About Cascade de Ba
Cascade de Ba (I’ve also seen it spelled Cascade de Baa) was a rather obscure waterfall on the southern end of the North Province’s east coast despite it being mentioned on several maps and guidebooks.
The big reason for this obscurity was that it wasn’t explicitly signposted, which made finding this waterfall a challenge for us.
In fact, even though we were at the correct stream, apparently, we didn’t go far enough upstream to get to the actual waterfall.
Instead, all we had to show for our efforts were a bunch of smaller cascades on a stream that didn’t seem to have much water anyways.
We’ll describe in the directions below, which bridge and which unpaved road was the correct one.
Cascade de Ba – Learning from Our Mistakes
I debated whether or not to even have this writeup since we didn’t actually see the correct waterfall.
But I figured that since we got the correct stream and access road, we mind as well tell you what we did see, and where we made our mistake.
Anyways, most of the waterfall shots that we’re showing on this page are pretty much right off the local access road.
The key tipoff was that there was a shack by the road next to the unpaved access road, which itself was on the north side of the bridge traversing the stream.
Pursuing the Lower Cascades downstream of the Cascade de Ba
The photo you see at the top of this page was actually the lowermost of the cascades on the Ba Stream, and it was downstream from the road bridge (which you can also see in the photo).
I got there by walking downstream (as opposed to upstream) from the bridge opposite the access road and shack.
Then, at an intersection further down this road (that was too rough to drive), I saw a sloping path on my right going back down to the base of the stream.
There were kayaks and hanging clothes here, but this was where the frontal view of that lowermost waterfall was at.
I didn’t know if I was trespassing or not, but I’d imagine that this would be a fine spot for a kayak or a swim.
Pursuing the Cascade de Ba
Anyways, the mistake that we made in terms of trying to find Cascade de Ba was that we didn’t take the access road inland from the shack far enough.
Even though we had spoken to a local on the bridge saying we were on the right stream and pointing upstream from the bridge, I guess we underestimated what he meant by going all the way up.
So we weren’t as determined when we went about as far as someone’s house that appeared to prevent access further inland.
Again, not wanting to trespass, we turned back and parked the car near a bamboo stalk, and there were a few more short but wide dropoffs, where we thought the Cascade de Ba was supposed to be.
It was only in hindsight after the trip was over did we realize that the actual waterfall itself was much further upstream past the house we turned around at.
We had read that access to the falls was around 100 CFP per car and 100 CFP per person, and perhaps it was that house that was collecting the fees (we’re not sure since nothing was signposted).
Cascade de Ba resides near Poindimie in the Northern Province of Grande Terre Island, New Caledonia.
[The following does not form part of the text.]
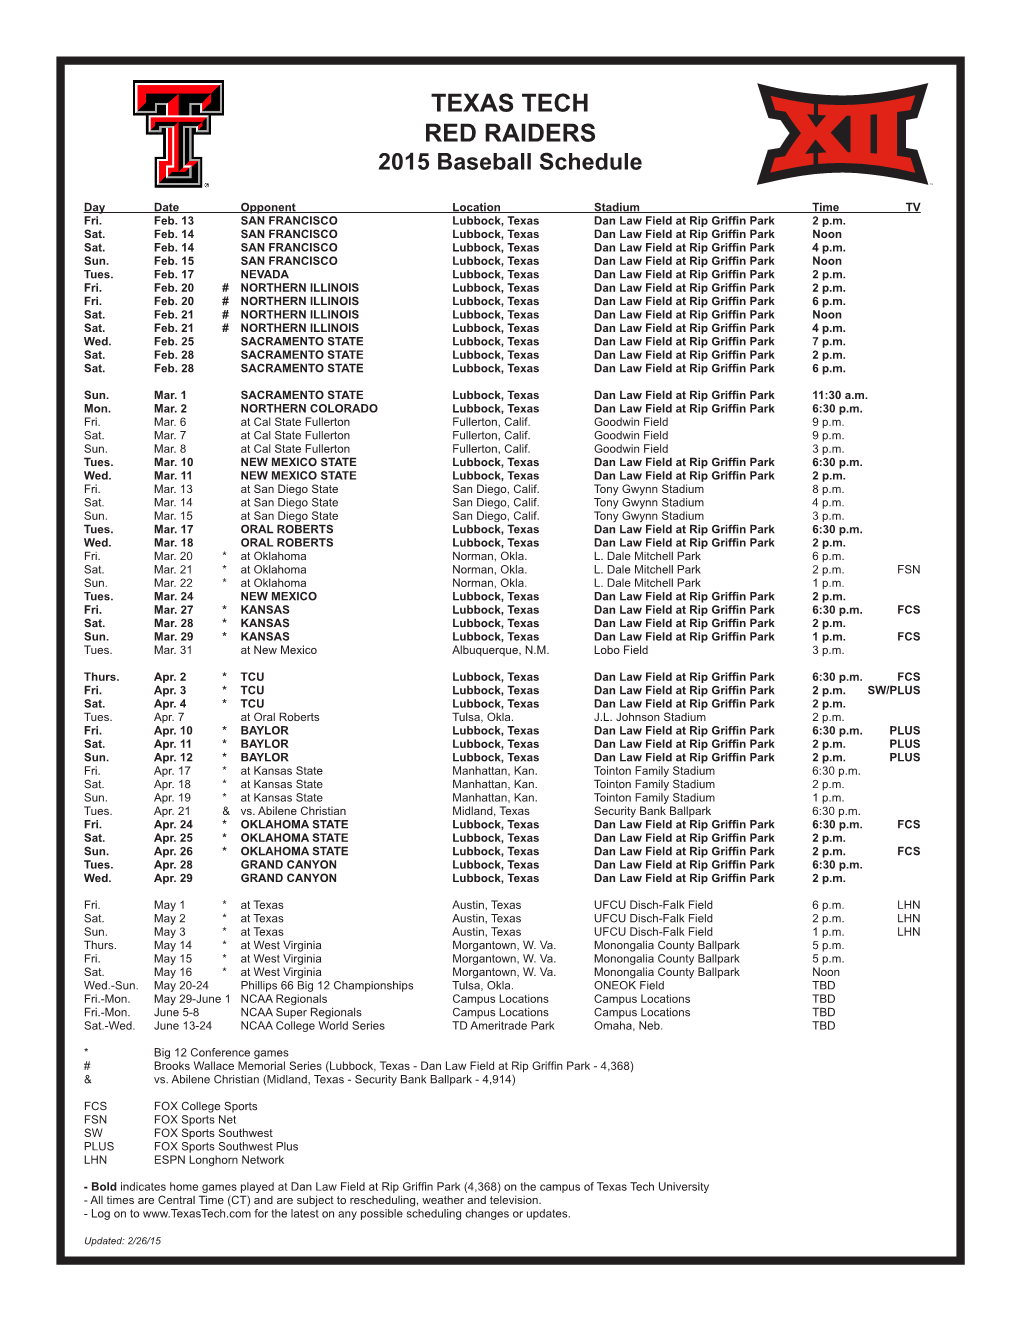 TEXAS TECH RED RAIDERS 2015 Baseball Schedule

To my knowledge, it is not administered by a formal agency, but its access trail passes through private property. For information or inquiries about the area as well as current conditions, you might get leads from this website.
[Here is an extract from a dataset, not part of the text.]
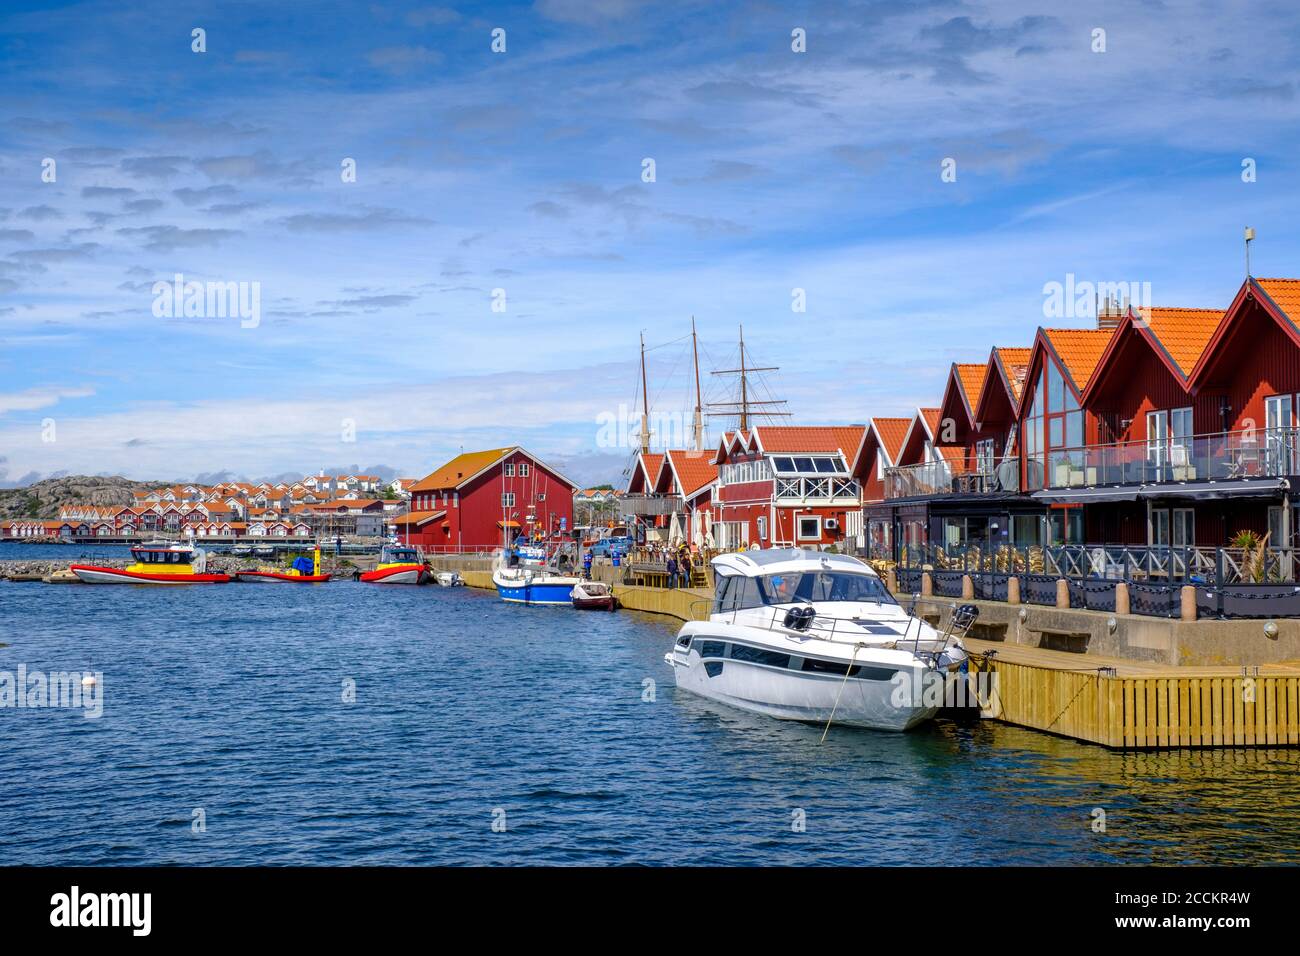 Sweden, Vastra Gotaland County, Skarhamn, Marina of coastal town Stock Photo

Since Julie and I stayed at Hotel Tieti near Poindimie, we’ll start by describing the driving directions due south from here.
Basically after turning left to go south on the RPN3 road, we’d take this drive for about 59.5km (initially passing through the sizable town of Poindimie then through other smaller villages en route).
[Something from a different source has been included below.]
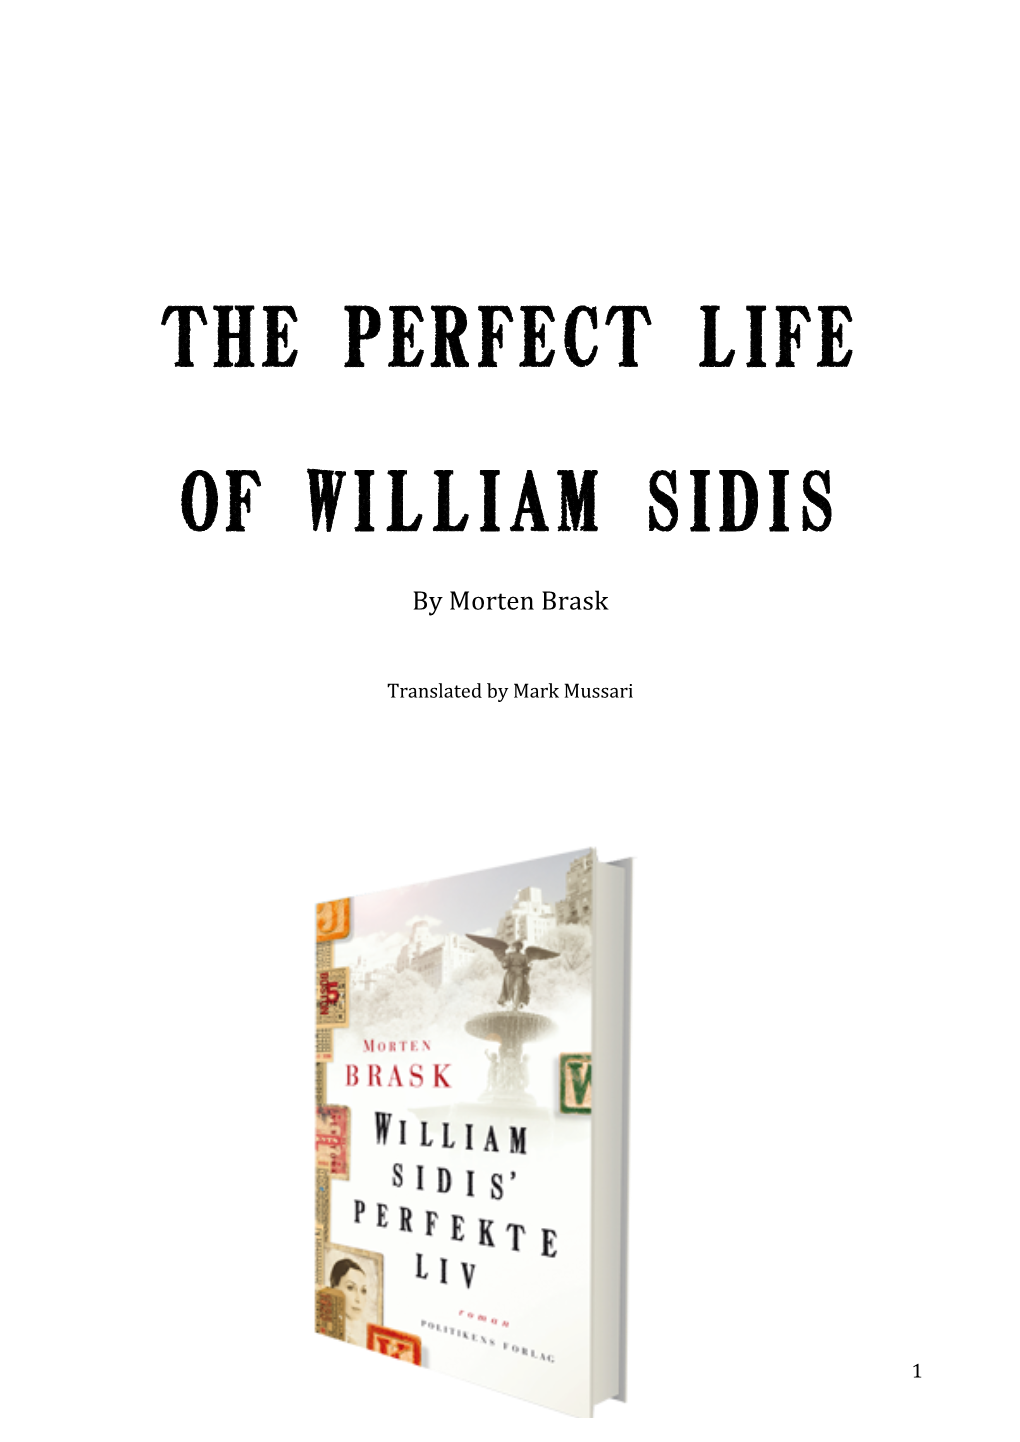 The Perfect Life of William Sidis

Eventually, we’d reach a sign indicating that we were entering La Tribu de Ba, and it was within this local village that we should’ve been looking for the bridge containing the Ba Stream.
It turned out that there was a shack adjacent to an access road on the right just before the correct bridge, and it was this access road that we should take.
During our visit, we actually overshot this bridge and access road because there were no signs indicating this waterfall.
We only found it when we backtracked and happened to ask a local who just so happened to be at this bridge.
Going in the other direction from the roundabout (near the town of Houailou and the access road leading through Col des Rousettes while crossing the mountains to the town of Bourail), the bridge and access road was about 13.3km further to the north.
Just on the north side of the bridge was the access road and shack on the left.
Where we made the mistake was that we should’ve taken this access road far inland to get all the way to the Cascade de Ba.
We stopped way short of the mark when we thought we were about to trespass through someone’s property.
In hindsight, we should’ve persisted until we knew for sure that the road ended and some form of payment or interacting with the local landowner would be necessary.
Finally, for reference, it was roughly a 3.5-hour drive between Cascade de Ba and the Noumea domestic airport at the suburb of Magenta (on the east side of Noumea) via the RT3 via Bourail and Houailou and into the Tribu de Ba.